◆ **About this task**
Exact wording is required for every entry; transcribe all of them and leave the images out.

== Provided entries

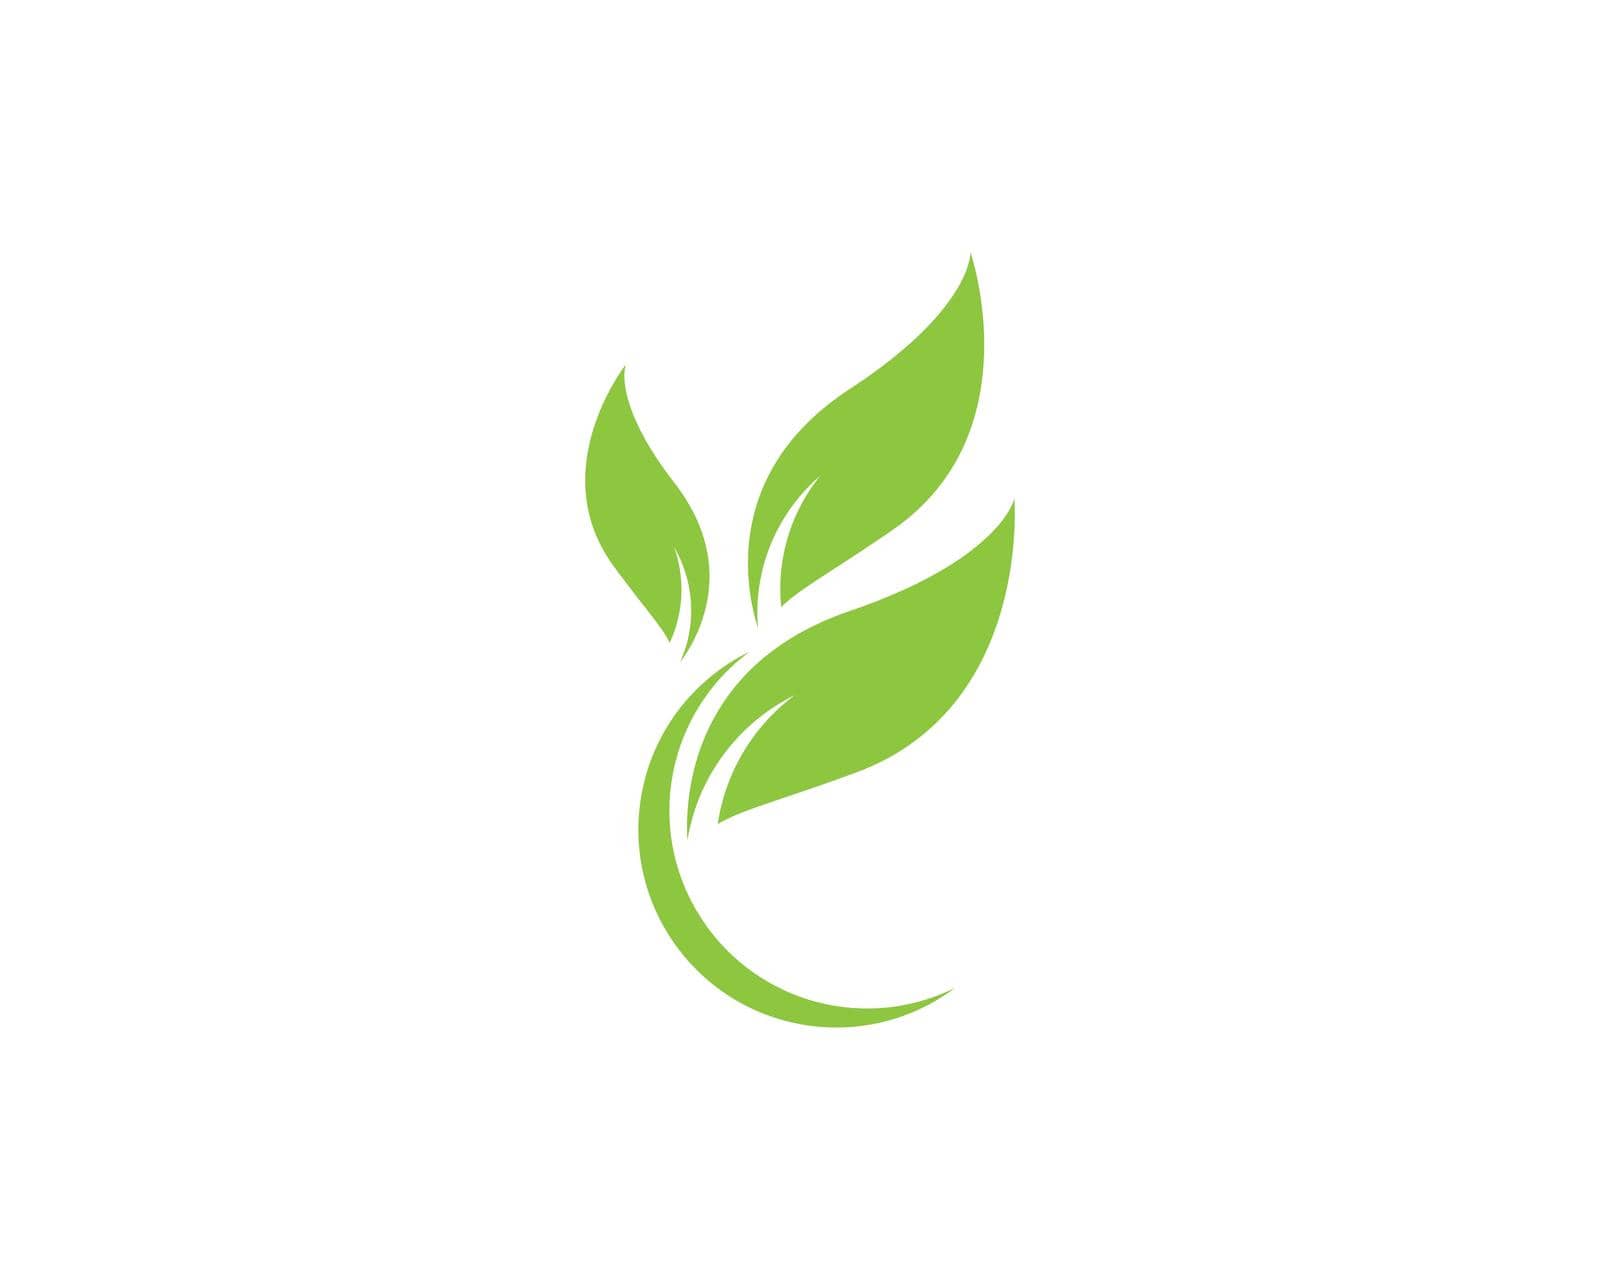 Logos of green leaf ecology nature element by awk
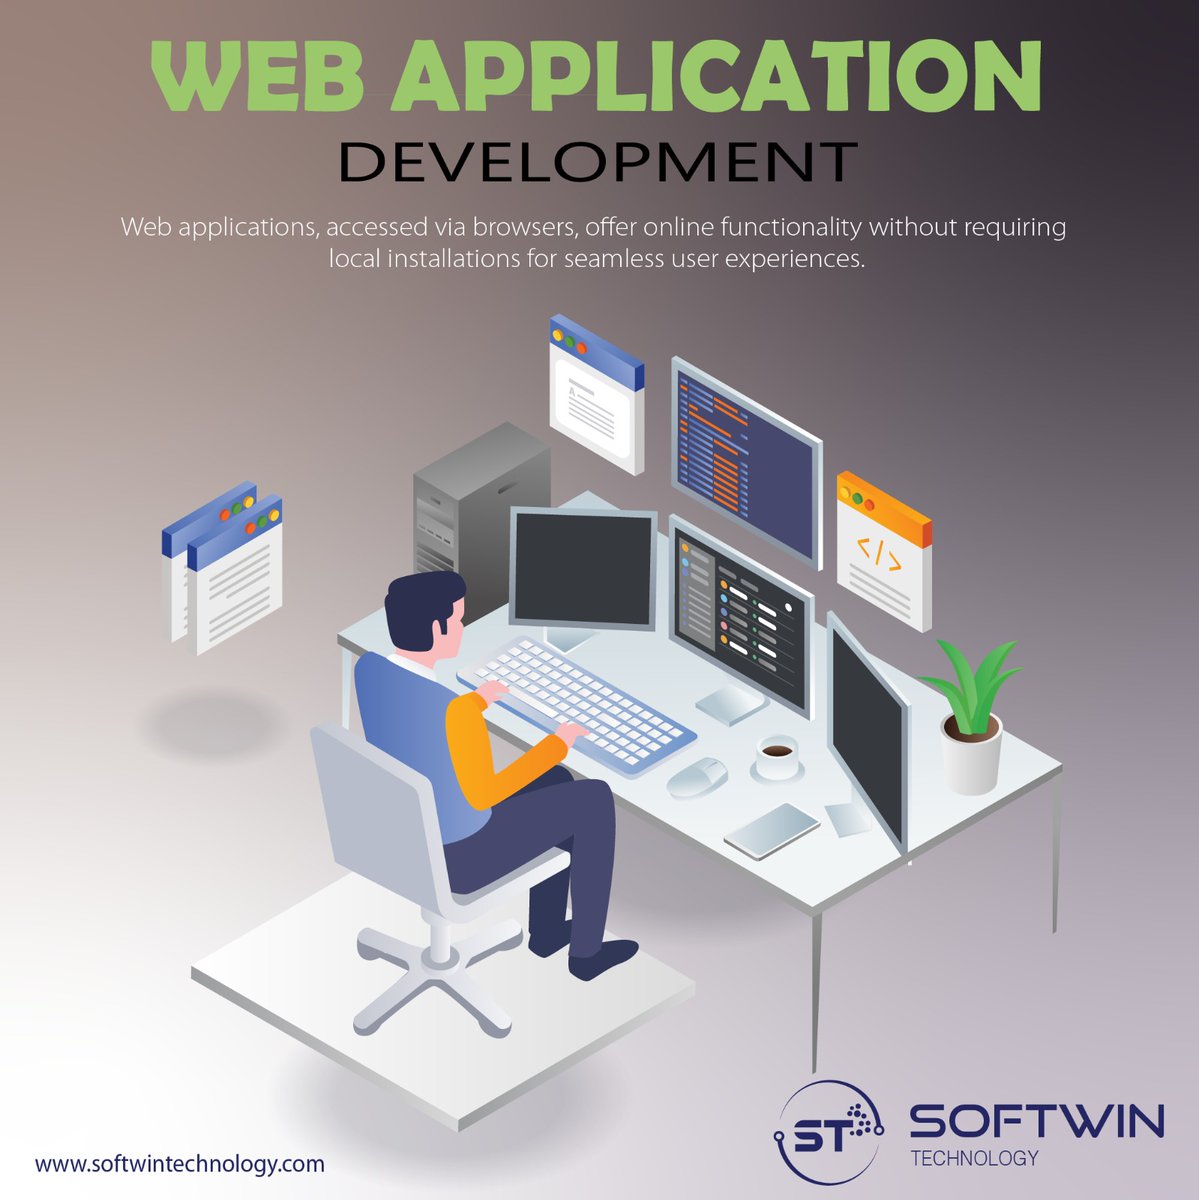 Empowering businesses with custom web applications tailored to their specific requirements. Let us bring your ideas to life in the digital realm.
.
.
#softwintechnology #design #applicationmobile #webapplicationdevelopment 🖥📈💻
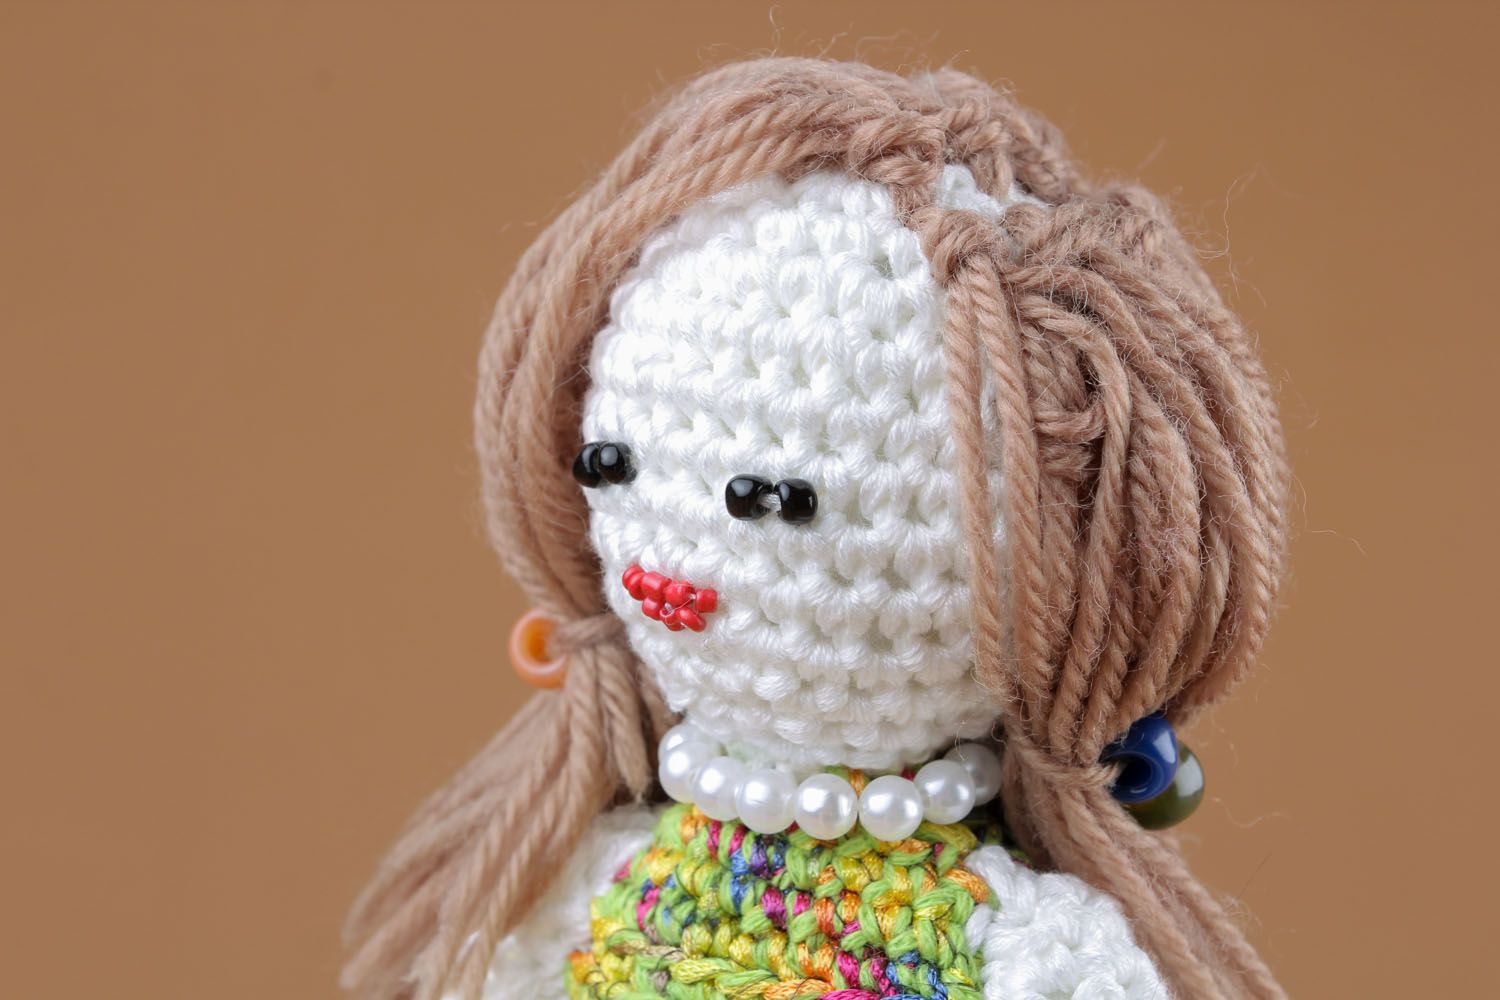 Crocheted author's doll photo 3

====

◆ **Answer section**
 Logos of green leaf ecology nature element by awk
 Empowering businesses with custom web applications tailored to their specific requirements. Let us bring your ideas to life in the digital realm.
.
.
#softwintechnology #design #applicationmobile #webapplicationdevelopment 🖥📈💻
 Crocheted author's doll photo 3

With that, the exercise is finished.